Politikus Dan Entrepreneur

Seorang politikus mantan anggota DPRI menuliskan sebuah statusnya di Facebook. Statusnya tersebut singkat, dan maknanyapun dapat. Dia menulis begini ” Seorang politikus atau pemimpin partai politik harus memiliki jiwa entreprenuer”. (entreprenuer di bilang seharusnya entrepreneur-red)

Tentu walaupun salah dalam penulisan kata entrepreneur, sebagian kita sudah bisa memahami apa yang dia maksdud. Tapi entah apa yang ada dalam benak saya, saya spontan breaksi dengan memberi komentar. Komenter saya begini ‘ Wah bahaya bos…..entrepreneur profit oriented hehe”.

Walau separo bercanda, namun status saya sebenarnya mencerminkan ketidak setujuan pendapat saya, tapi karena budaya ketimuran kita mengharuskan saya menuliskannya dengan santun seperti dan kata “hehe”, di ujung kalimat kalau mau menyelami apa yang yang saya pikirkan saat itu adalah sepert nada mengejek bukan berarti lucu sahabat. Bayangkan seorang politikus yang pernah menduduki jabatan sebagai anggota DPRI sudah salah menbuliskan kata entrepreneur terus saya anggap salah makna dan kehilangan kontek alias gak nyambung antara politikus dan jiwa entrepreneur.

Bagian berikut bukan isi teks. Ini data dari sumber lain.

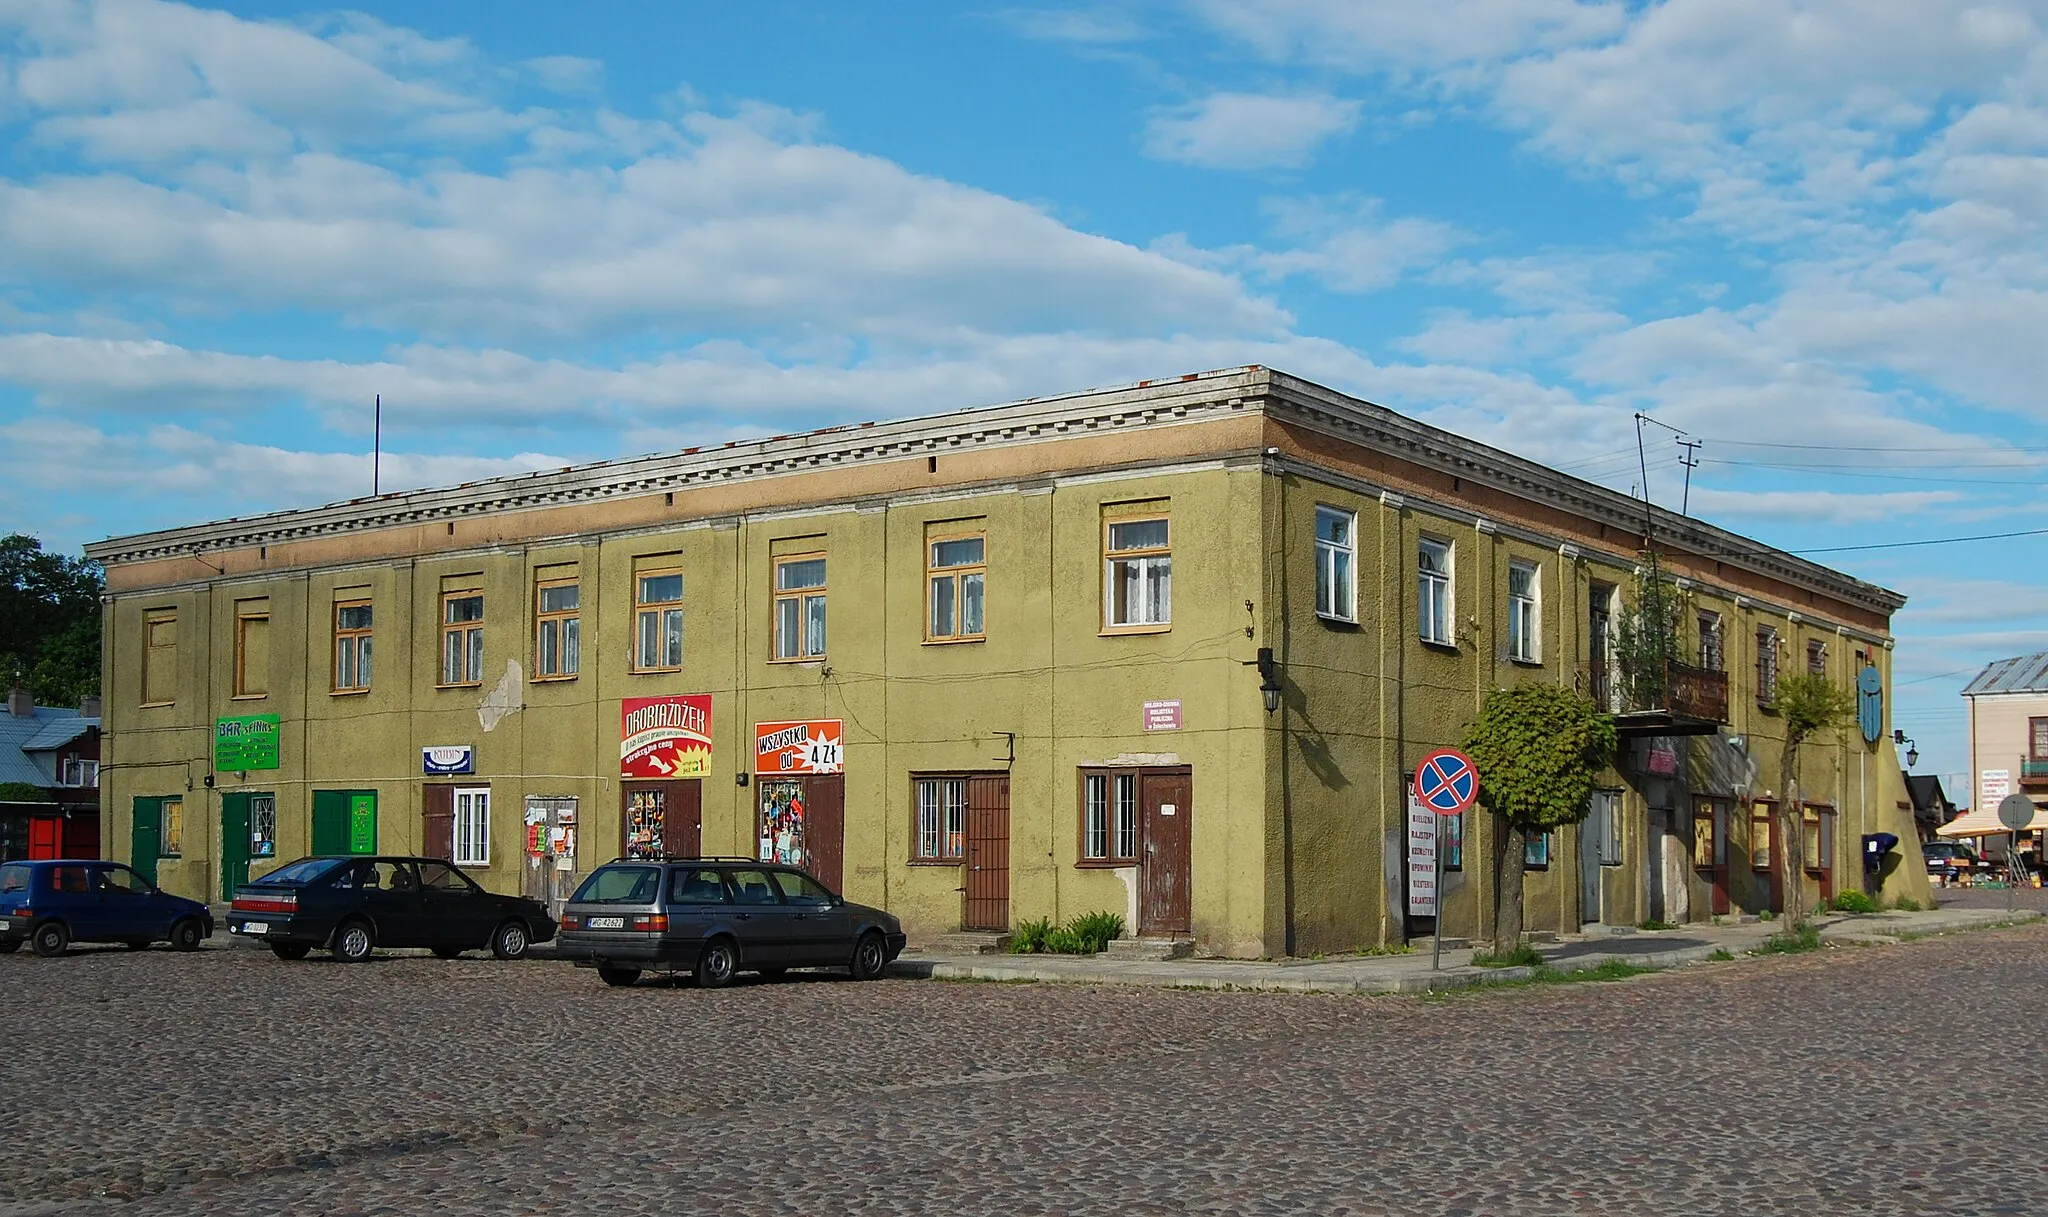 Image of Żelechów

Layaknya seperti seorang peramal dalam hati saya pikir orang ini akan membalas komentar saya akan seperti ini kurang lebihnya : Iya benar…..karena keuntungannya tentu buat rakyat”. Hahaha….sontak saya ngakak sendiri ketika dia benar-benar membalas komentar saya isinya hampir persis sama dengan apa yang saya pikirkan.

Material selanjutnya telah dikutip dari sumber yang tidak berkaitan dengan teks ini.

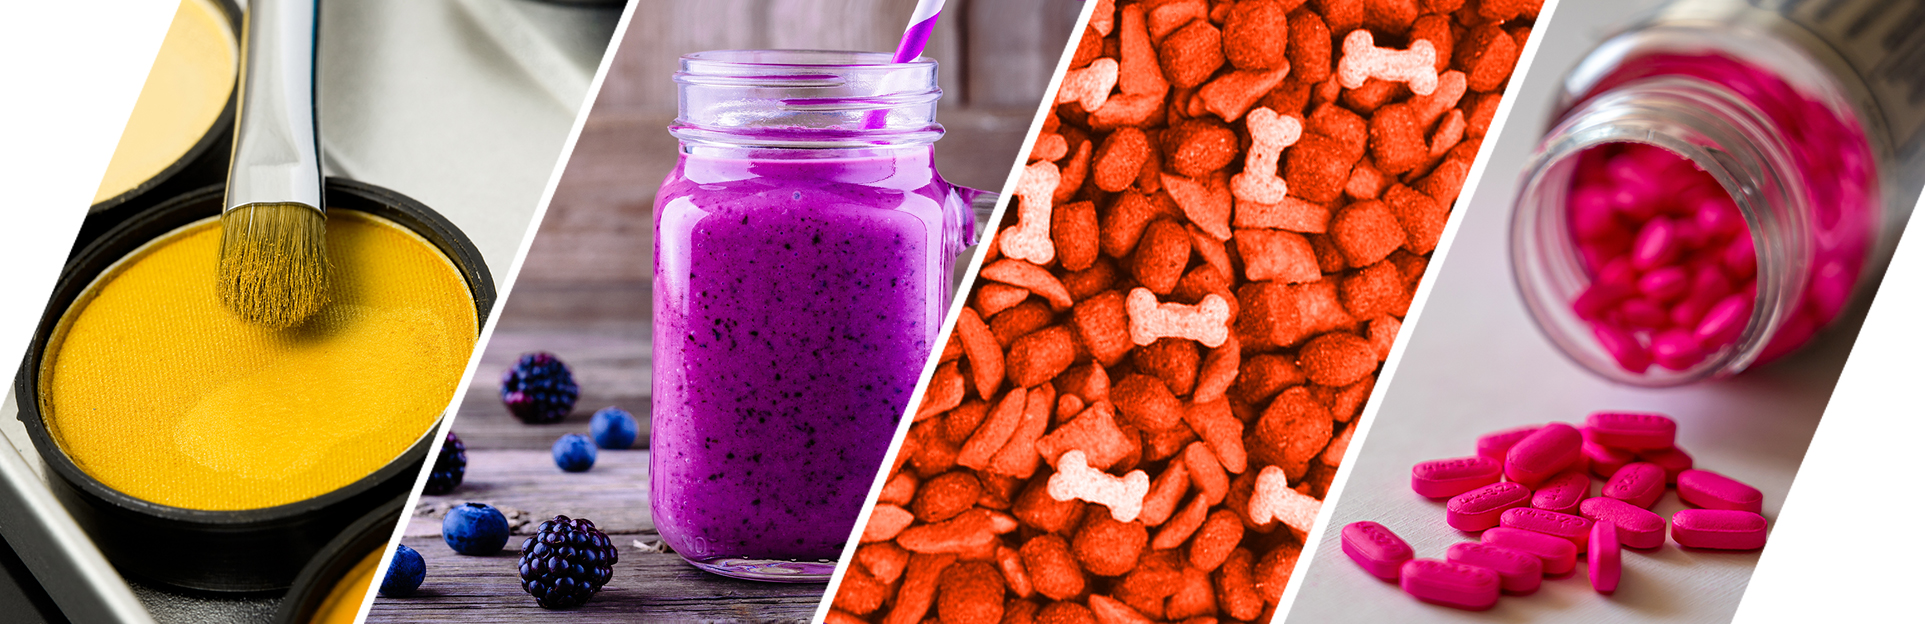 Colorante alimentario en gel: añade un toque vibrante a tus comidas con nuestros colorantes en gel para alimentos.

Tapi tunggu dulu, sebelum anda sahabat saya semua menganggap saya bisa meramal, prediksi saya tepat bukan karena apa ,ini masih bersifat dugaan mudahan saya tidak salah, karena saya pada status dia sebelumnya juga saya ikut komen yang pada intinya saya tidak sependapat dengan statusnya lalu saling adu argumen, begini nih dia punya status sebelumnya:

Sang Politikus: “Bagi Negara kesejahteraan, konsep modernitas dimaknai sebagai kemampuan Negara dalam memberdayakan masyarakatnya. Peran dan tangung jawab Negara menjadi begitu besar terhadap warga negaranya karena negara akan bersikap dan memposisikan dirinya sebagai “teman” bagi warga negaranya. Makna kata teman merujuk pada kesiapan dalam memberikan bantuan jika warga negaranya mengalami kesulitan dan membutuhkan bantuan”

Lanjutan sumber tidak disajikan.